*Instructions for the task:*
Please return the lines from the one with "Roundhill Pc140r 2" through the end of the listing below, word for word, with every picture left out.

*Dataset extract:*
------------------------------

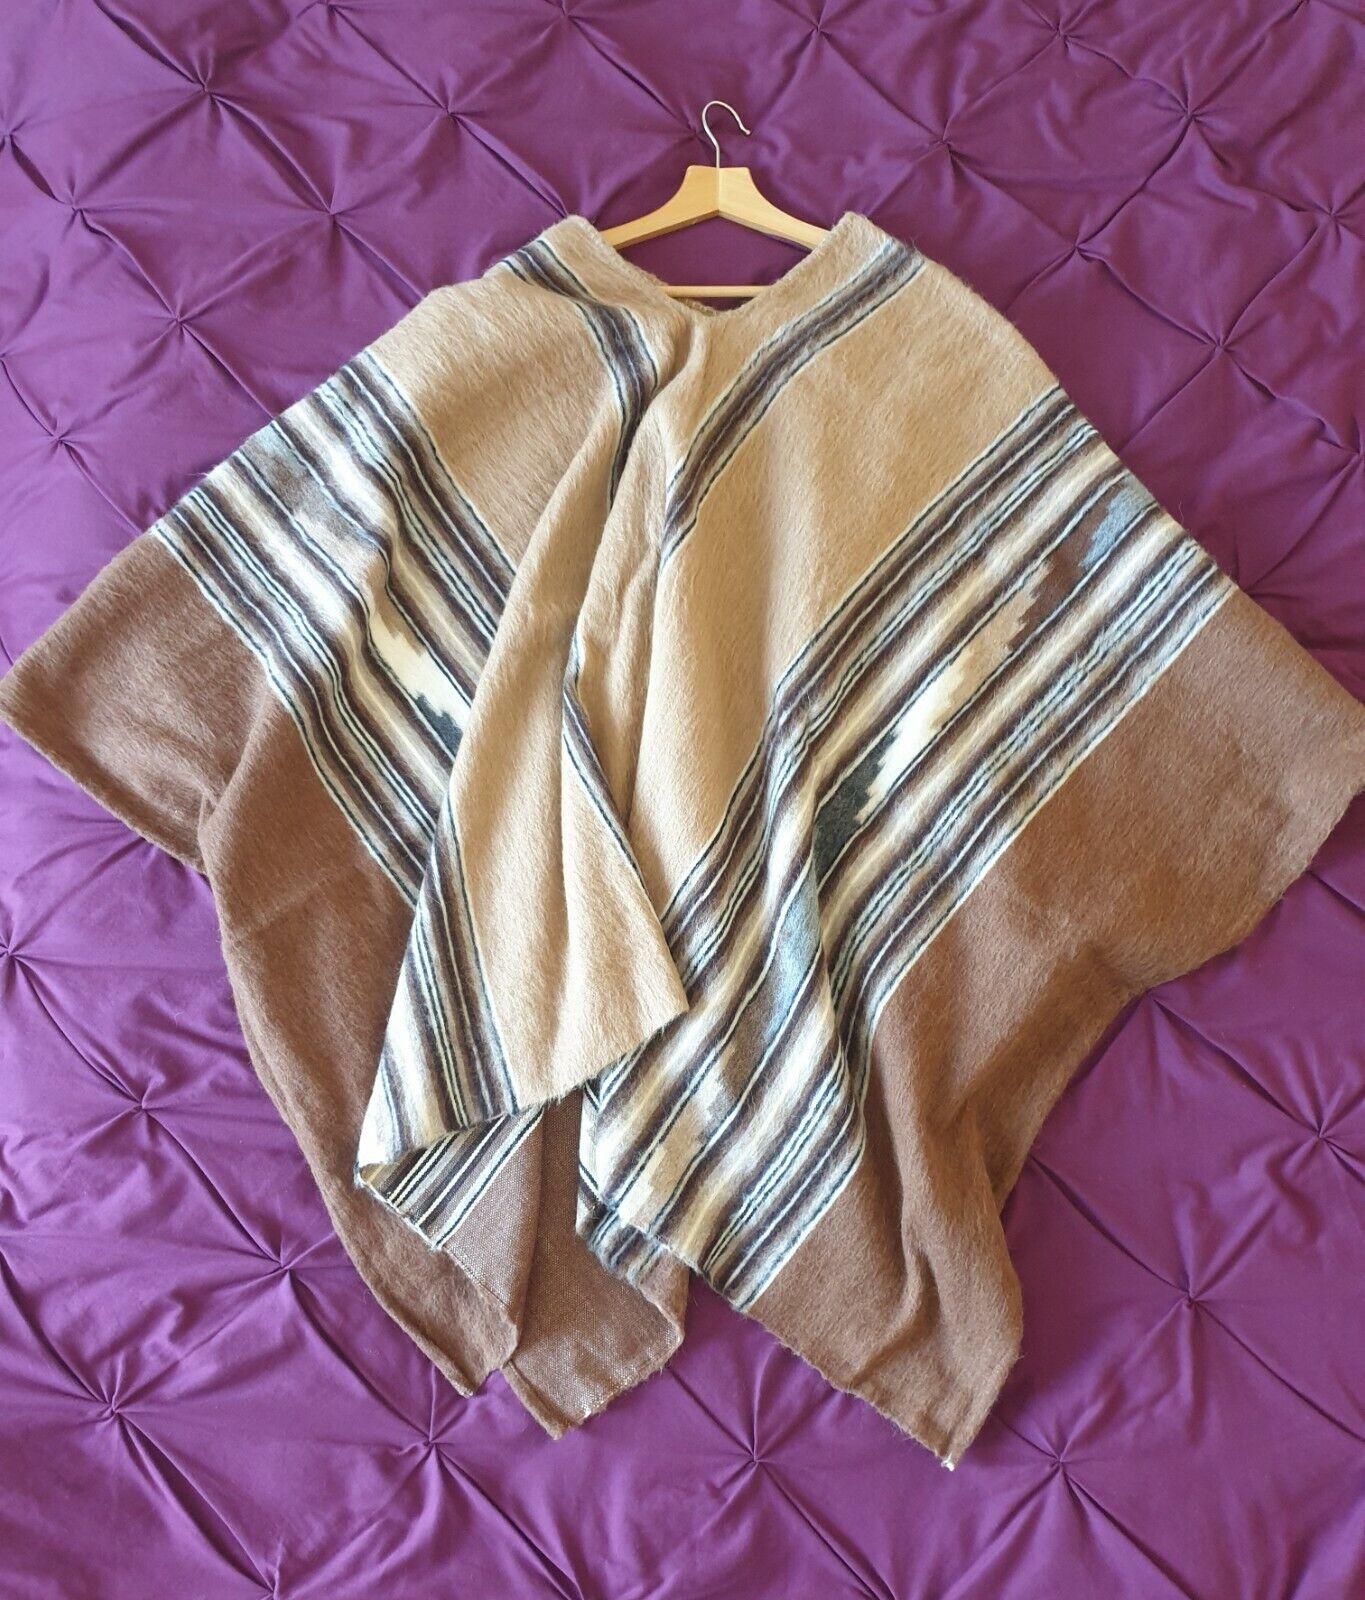 Genuine handmade traditional Peruvian alpaca wool poncho
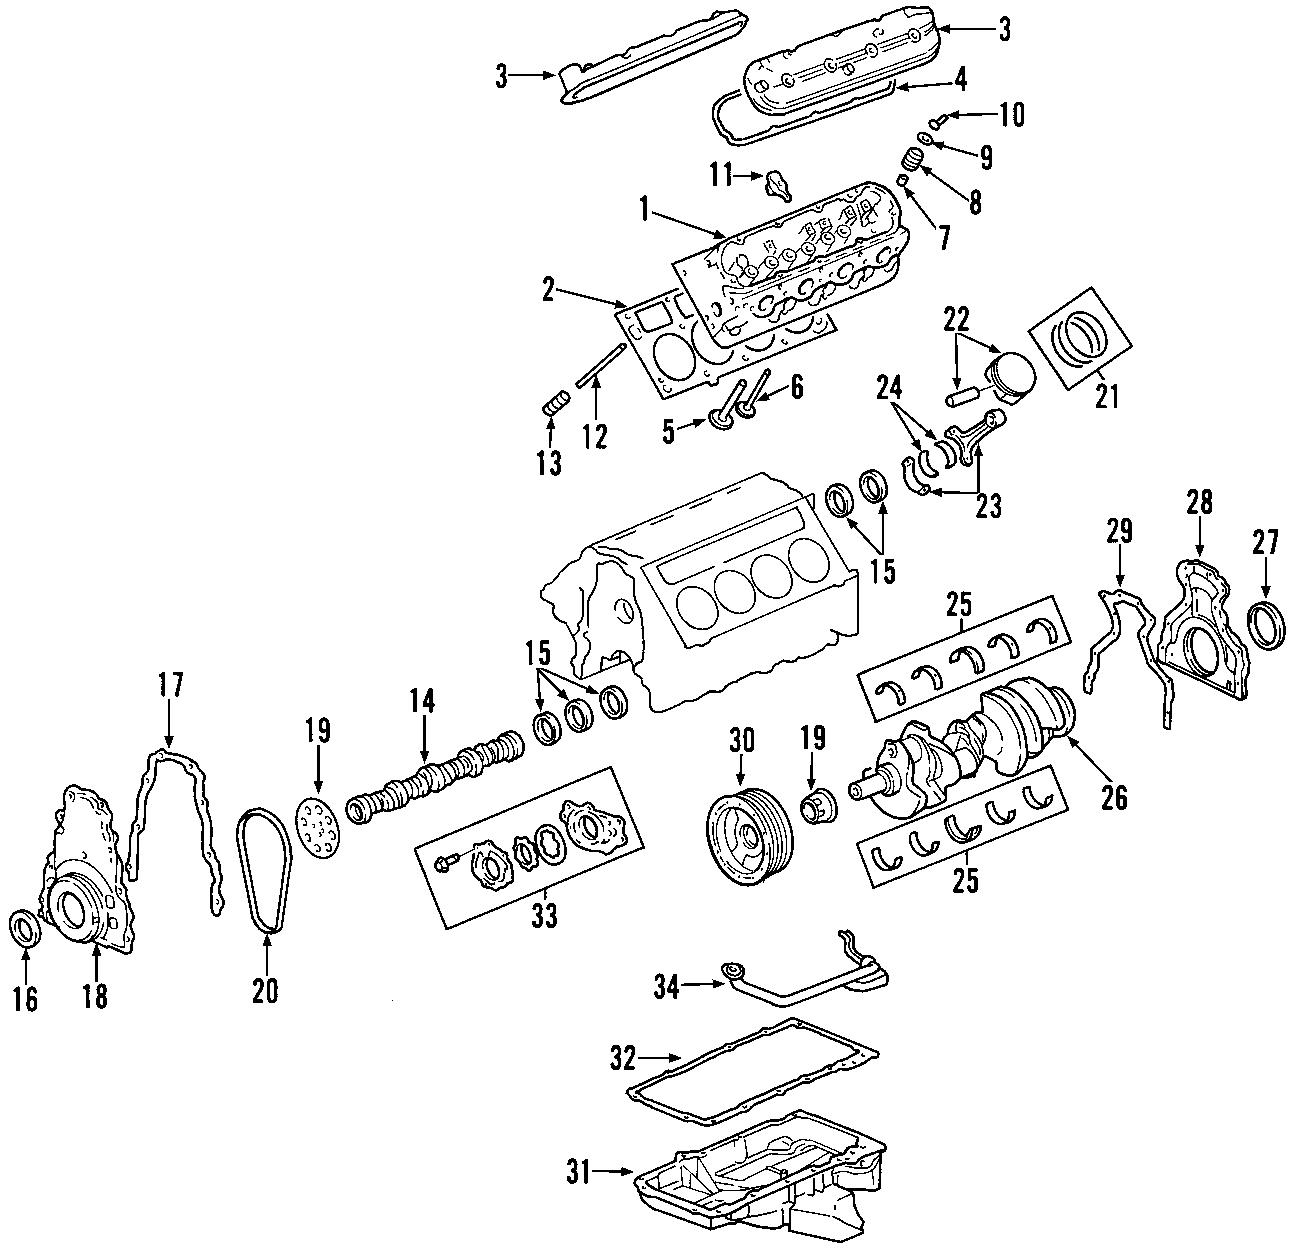 Hummer H3T Engine Camshaft Bearing. Models, Silverado
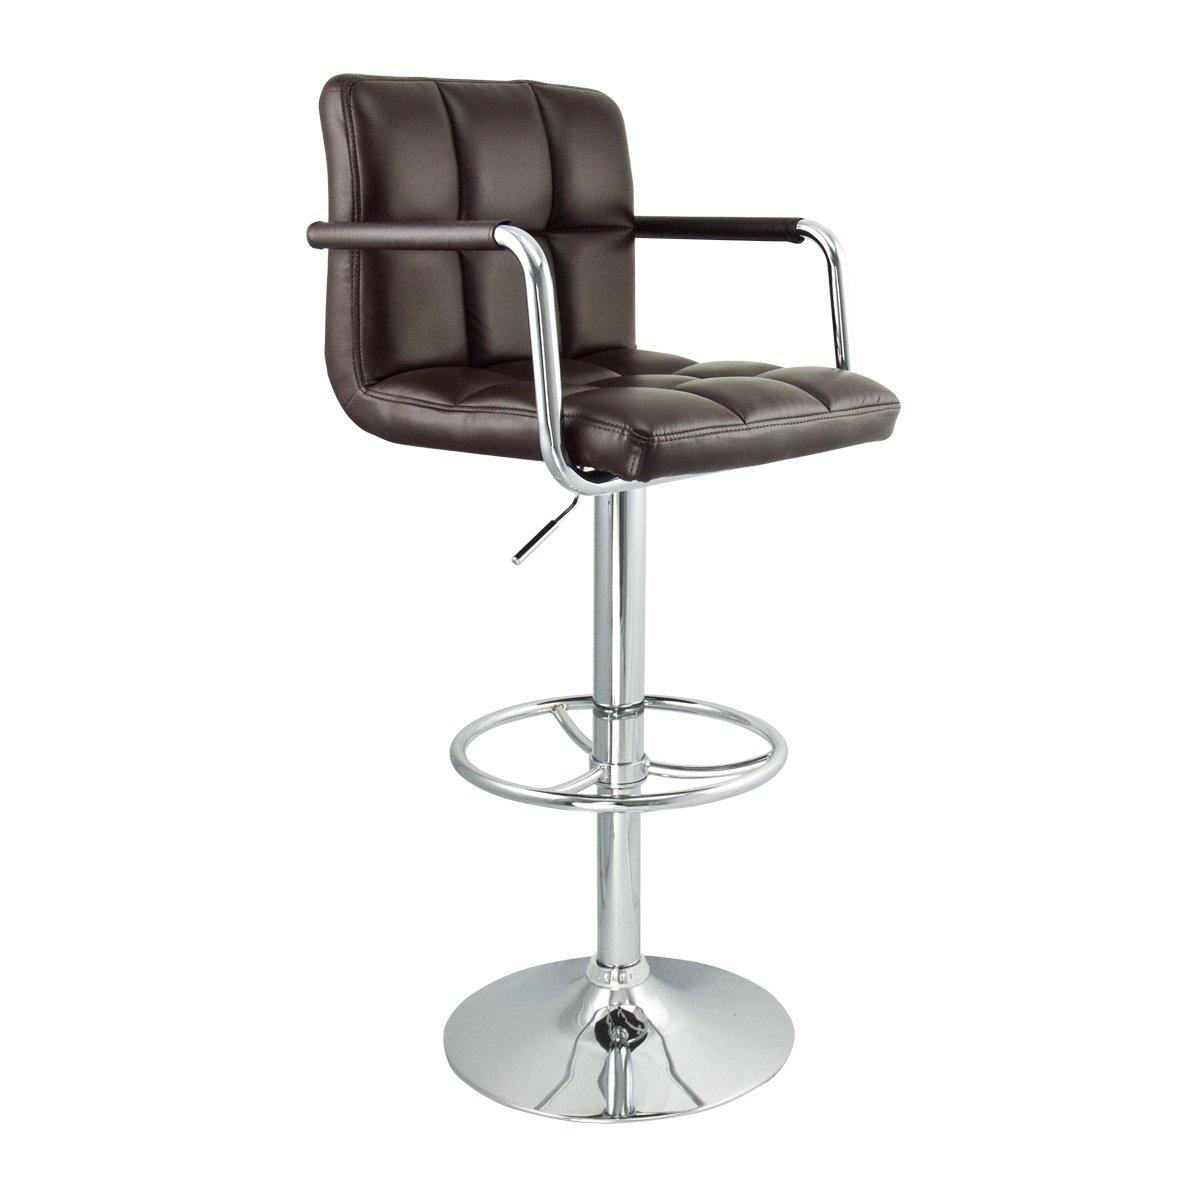 Roundhill Pc140r 2 Swivel Elegant Pu Leather Modern
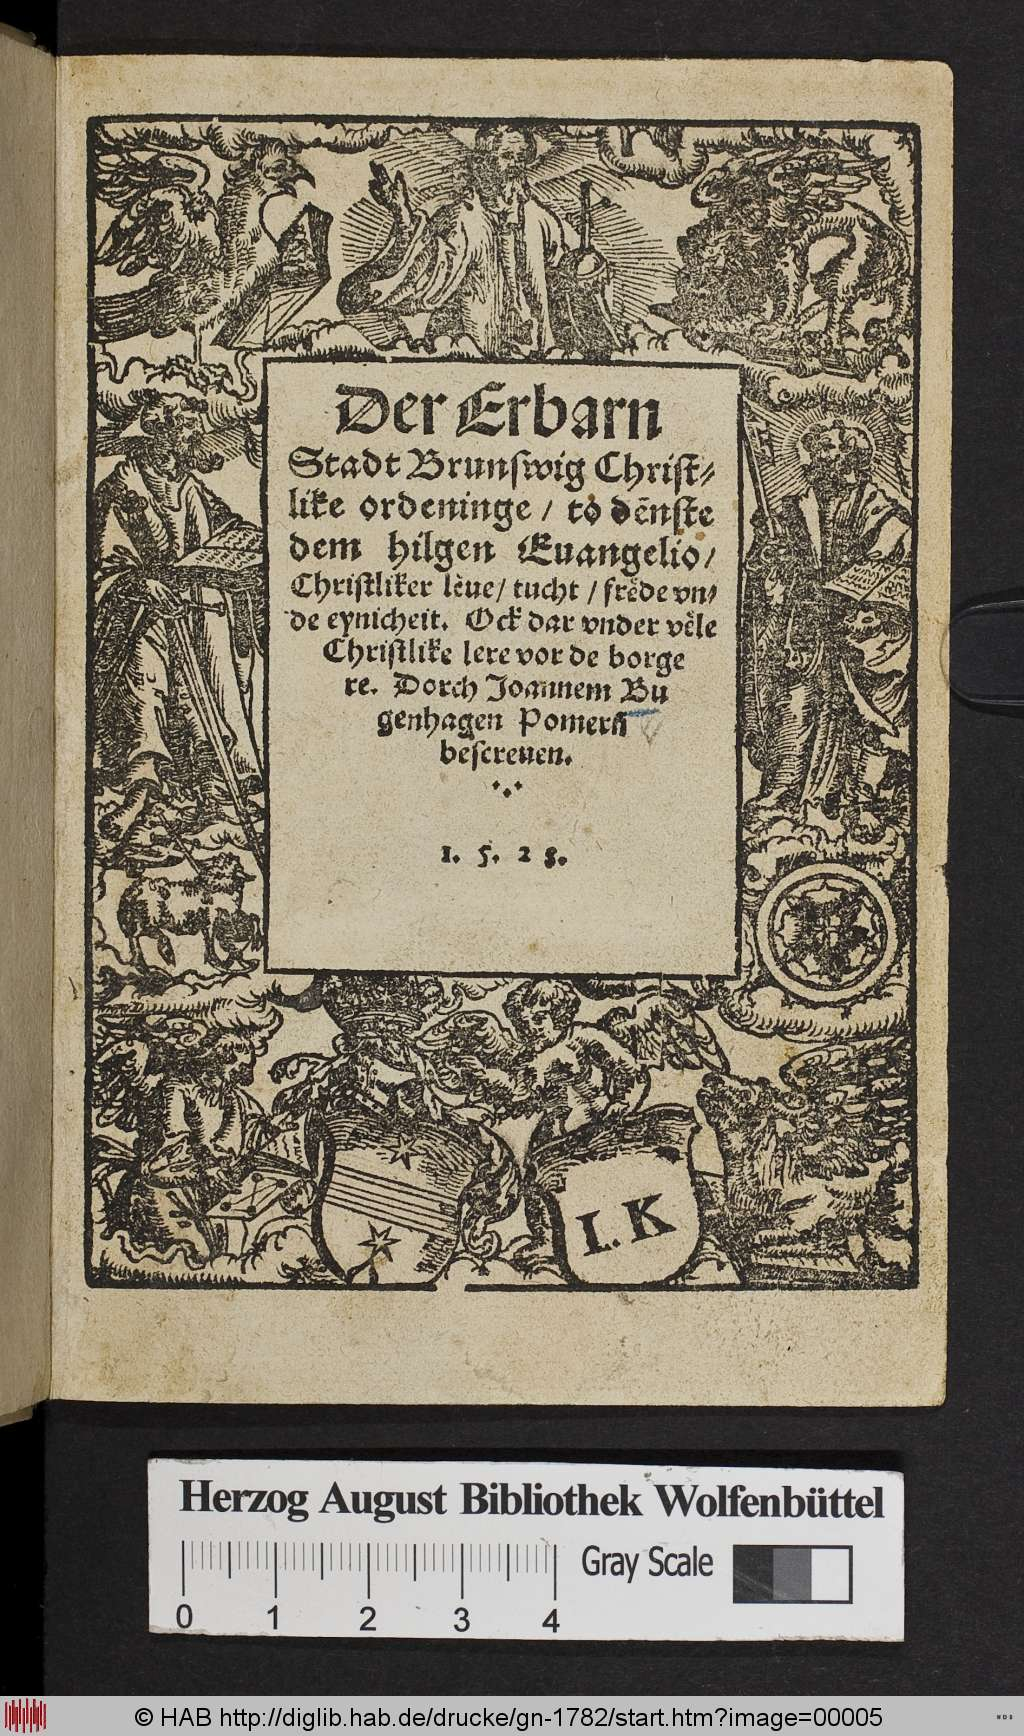 http://diglib.hab.de/drucke/gn-1782/00005.jpg

------------------------------

*Completed task:*
 Roundhill Pc140r 2 Swivel Elegant Pu Leather Modern
 http://diglib.hab.de/drucke/gn-1782/00005.jpg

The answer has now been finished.